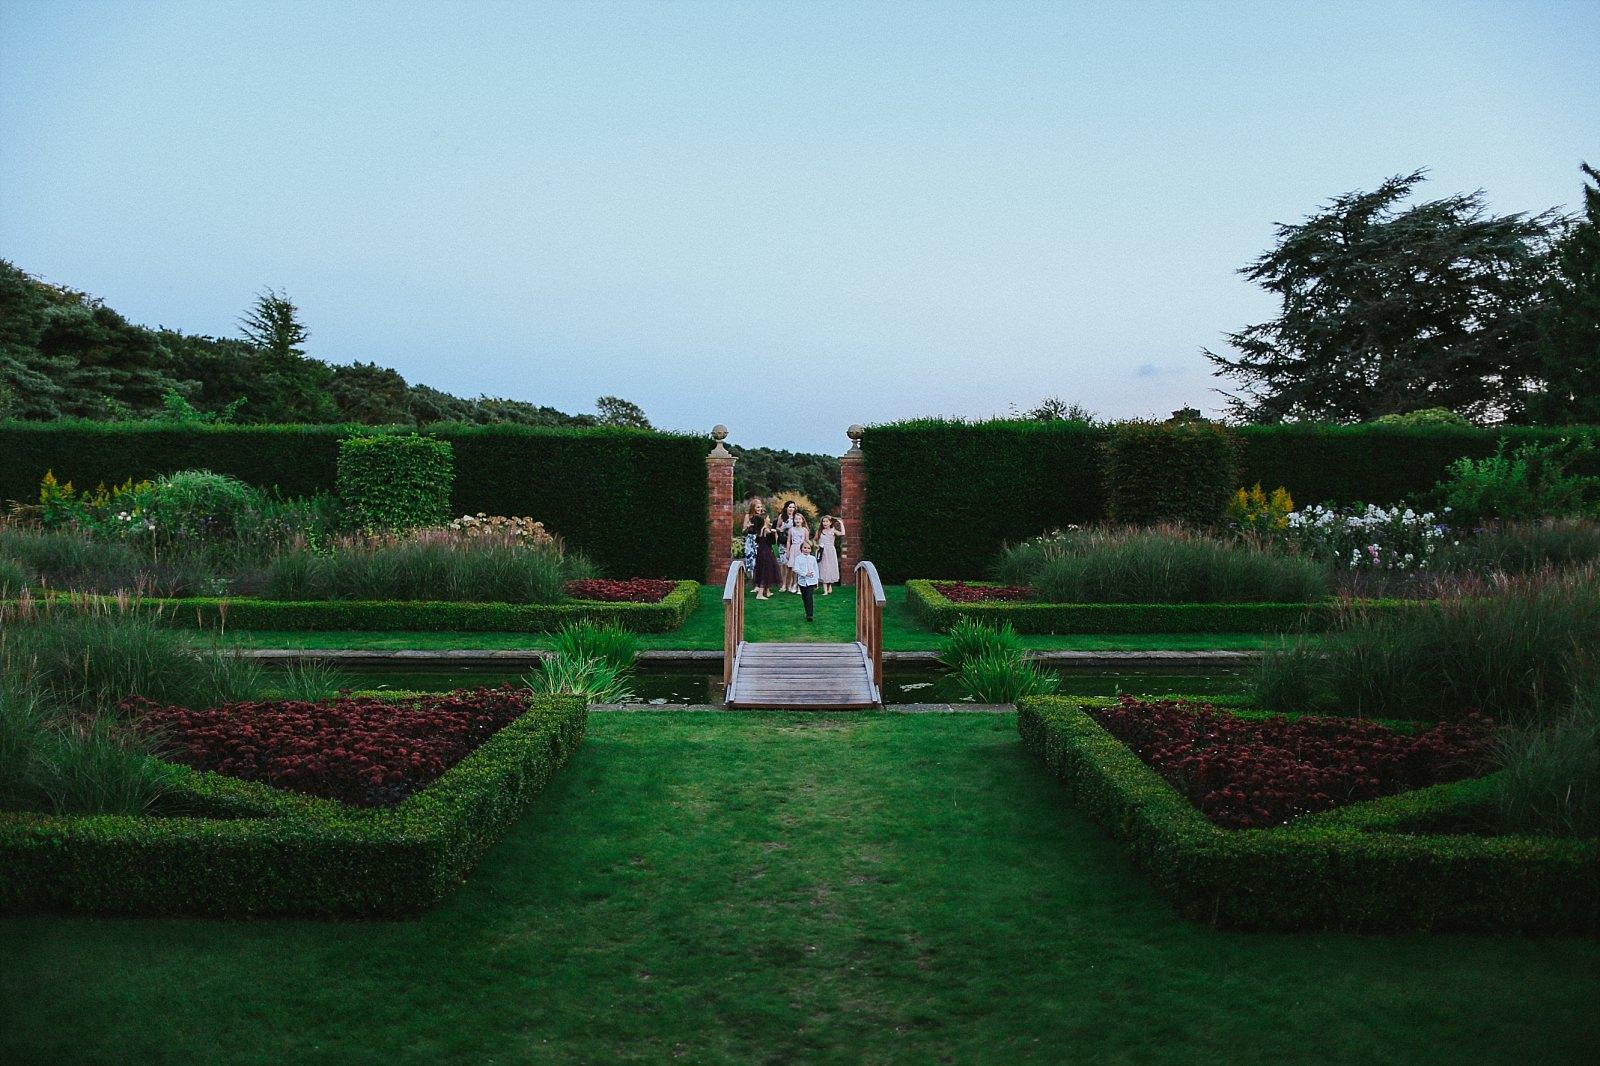 Abbeywood Estate gardens at dusk with children running around it
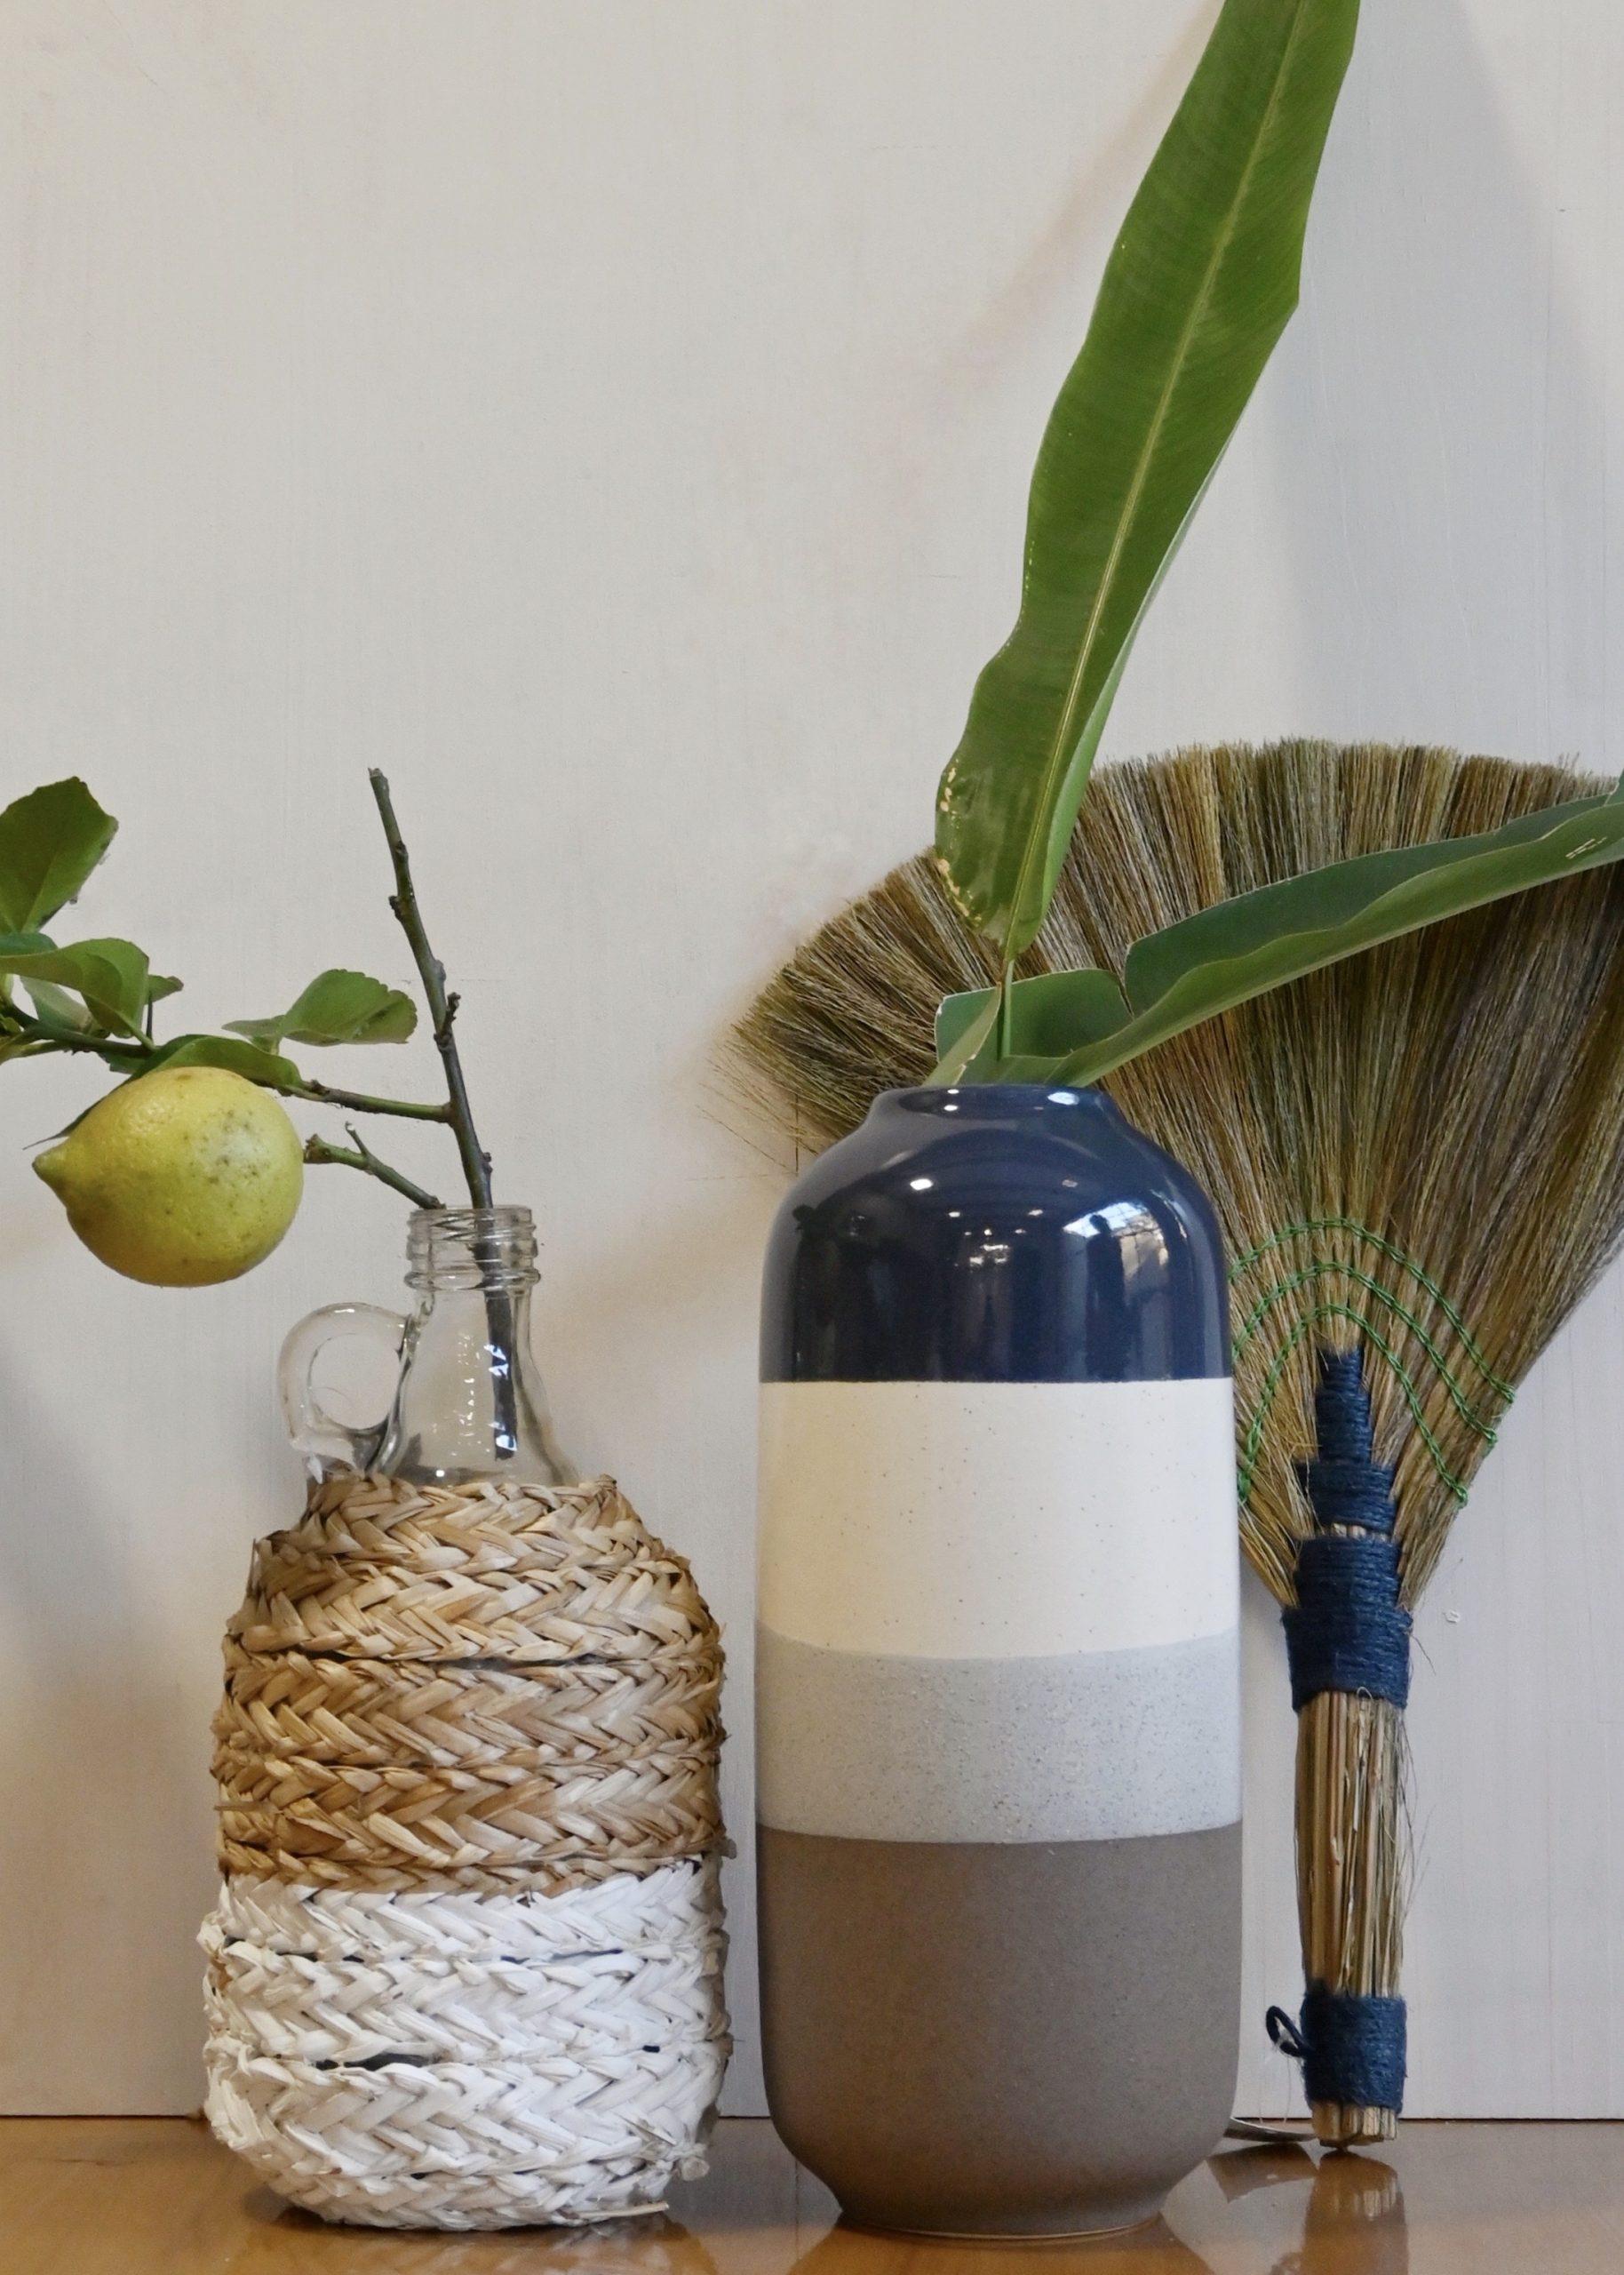 Jarro em Vidro com Revestimento em Palha e Vaso em Cerâmica
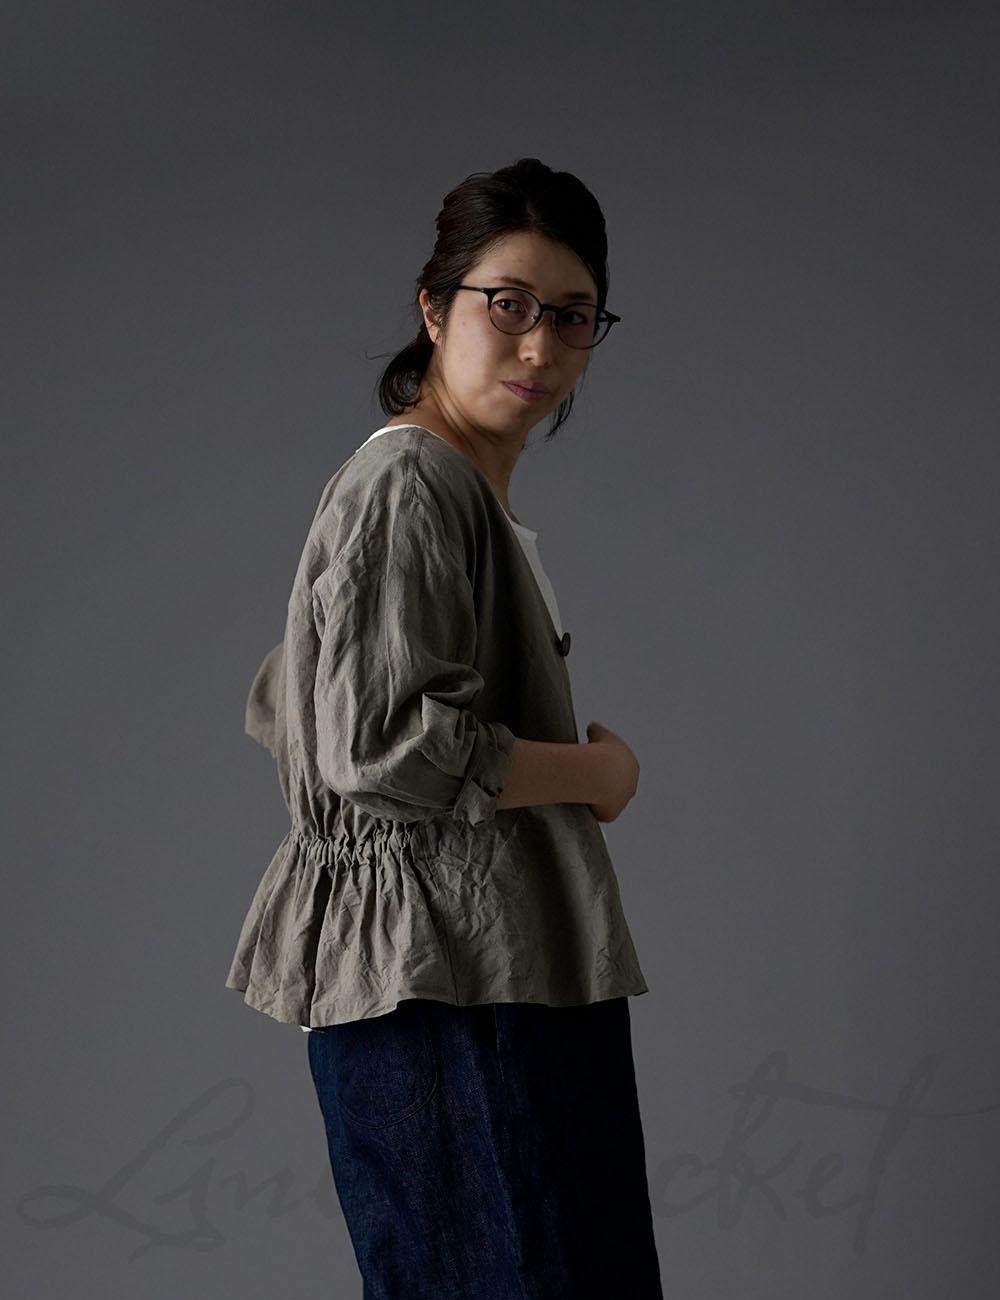 【7月10日21時~販売開始!】Linen Basque jacket リネン100% バスク・ジャケット ハンドワッシャー/ h005d-rku1

────────

* Task goal *
Images stay out, but the rest of the data above must be repeated exactly.

* Reply *
 Abbeywood Estate gardens at dusk with children running around it
 Jarro em Vidro com Revestimento em Palha e Vaso em Cerâmica
 【7月10日21時~販売開始!】Linen Basque jacket リネン100% バスク・ジャケット ハンドワッシャー/ h005d-rku1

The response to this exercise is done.